=== Exercise directions ===
Copy the data exactly from the line that contains "Мужской халат темно" through the line that contains "2023 Harley-Davidson Street", keeping both end lines and leaving out everything else.
─── Supplied material ───
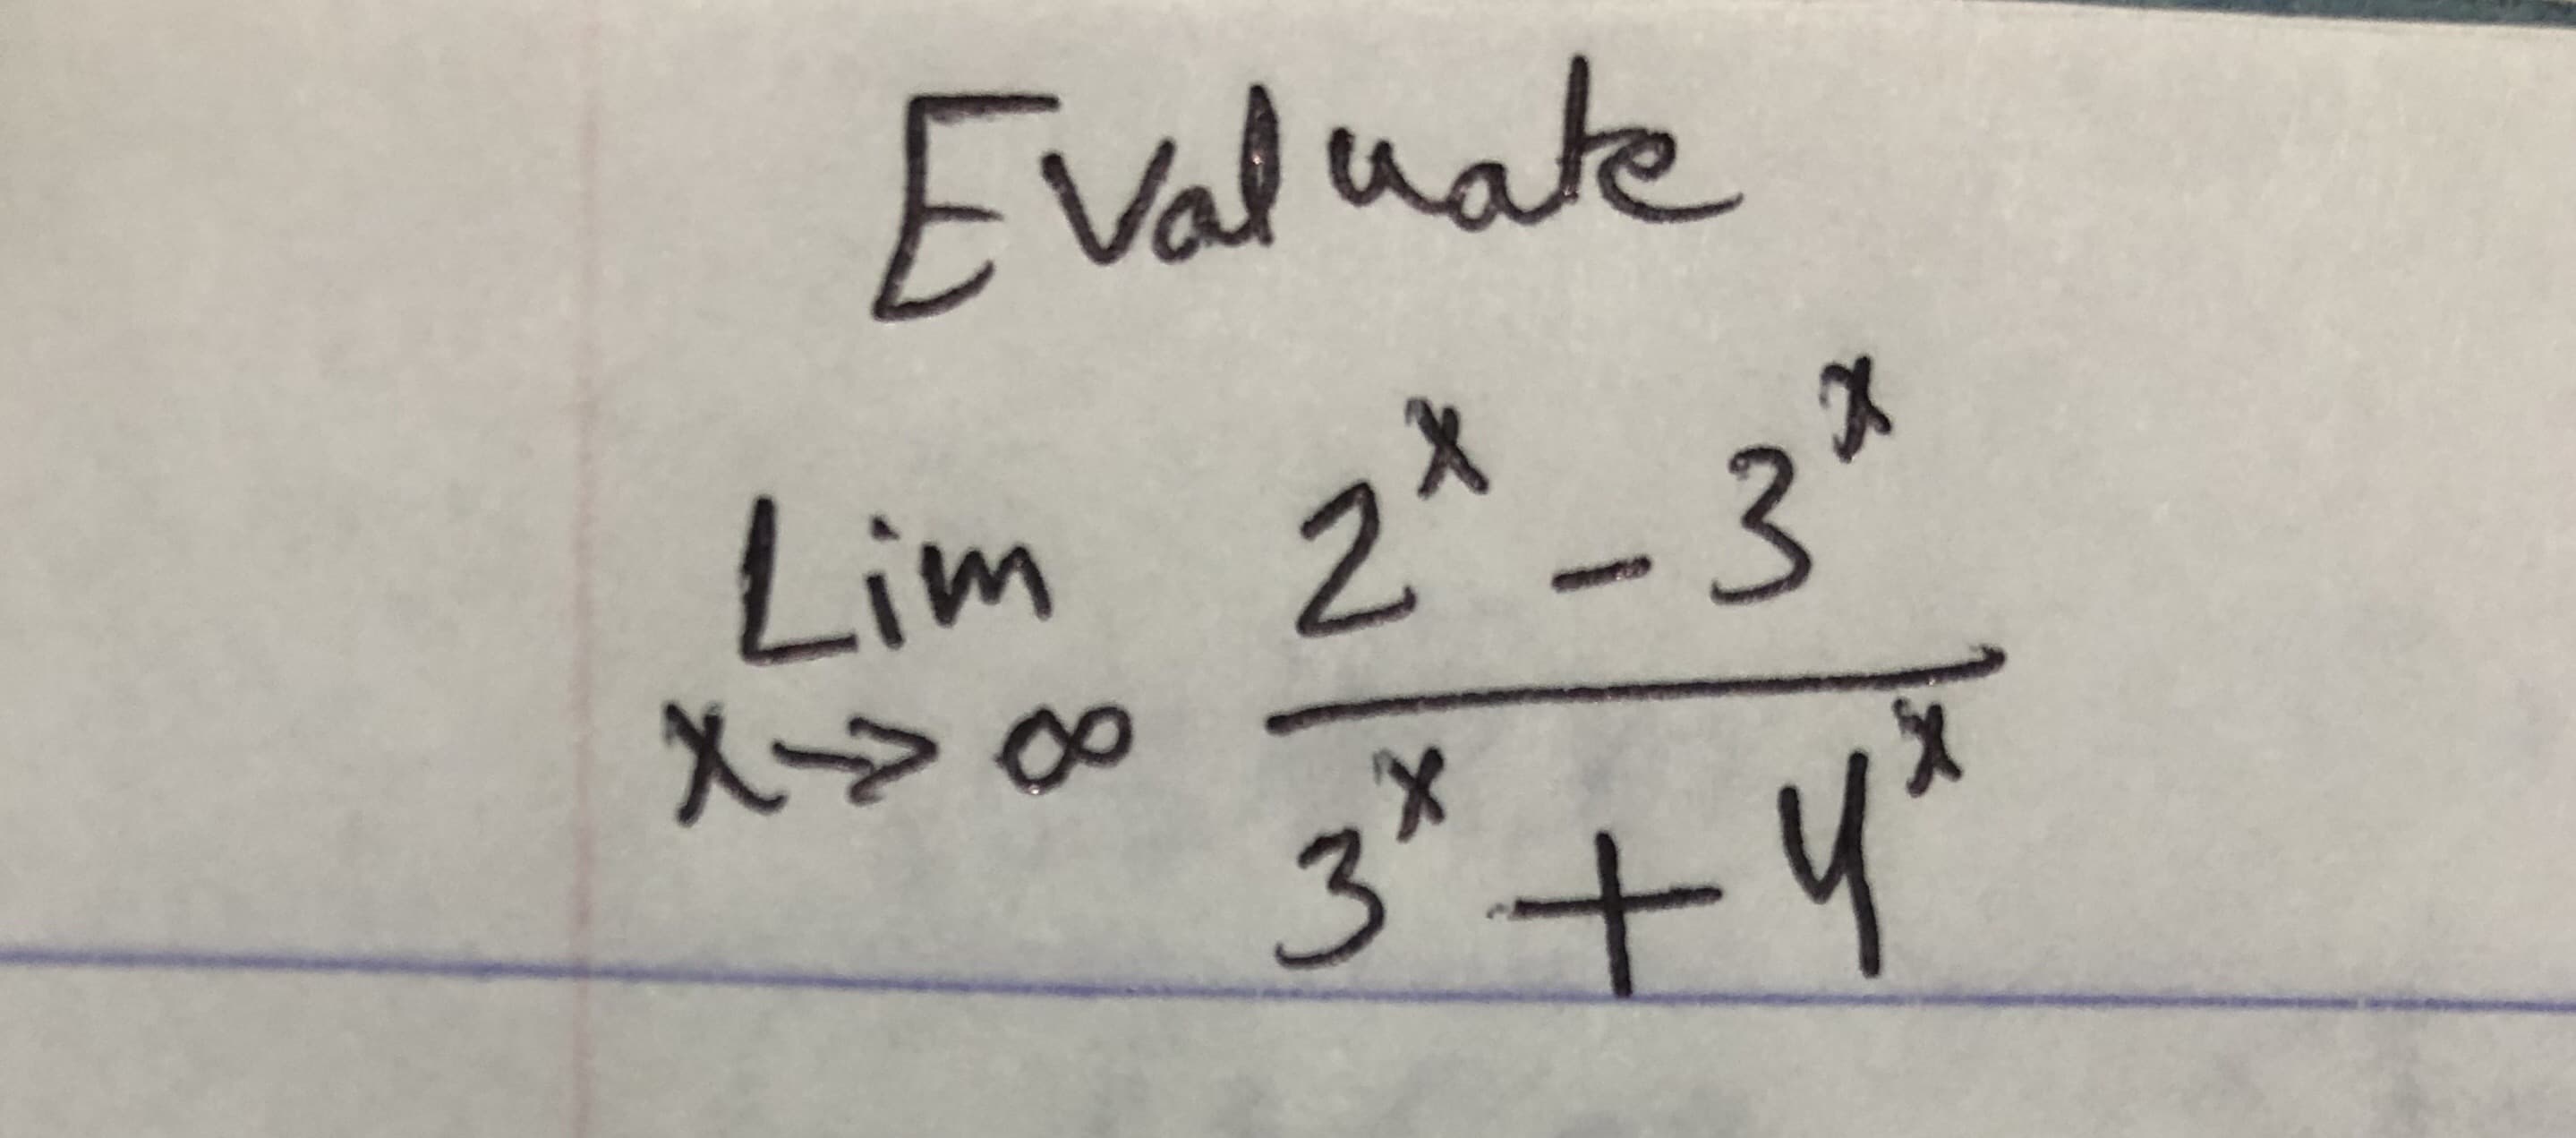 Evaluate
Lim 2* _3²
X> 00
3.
───
─── Supplied material ───
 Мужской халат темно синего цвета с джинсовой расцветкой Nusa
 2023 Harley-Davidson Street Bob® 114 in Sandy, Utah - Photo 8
───
=== Solution below ===
 Мужской халат темно синего цвета с джинсовой расцветкой Nusa
 2023 Harley-Davidson Street Bob® 114 in Sandy, Utah - Photo 8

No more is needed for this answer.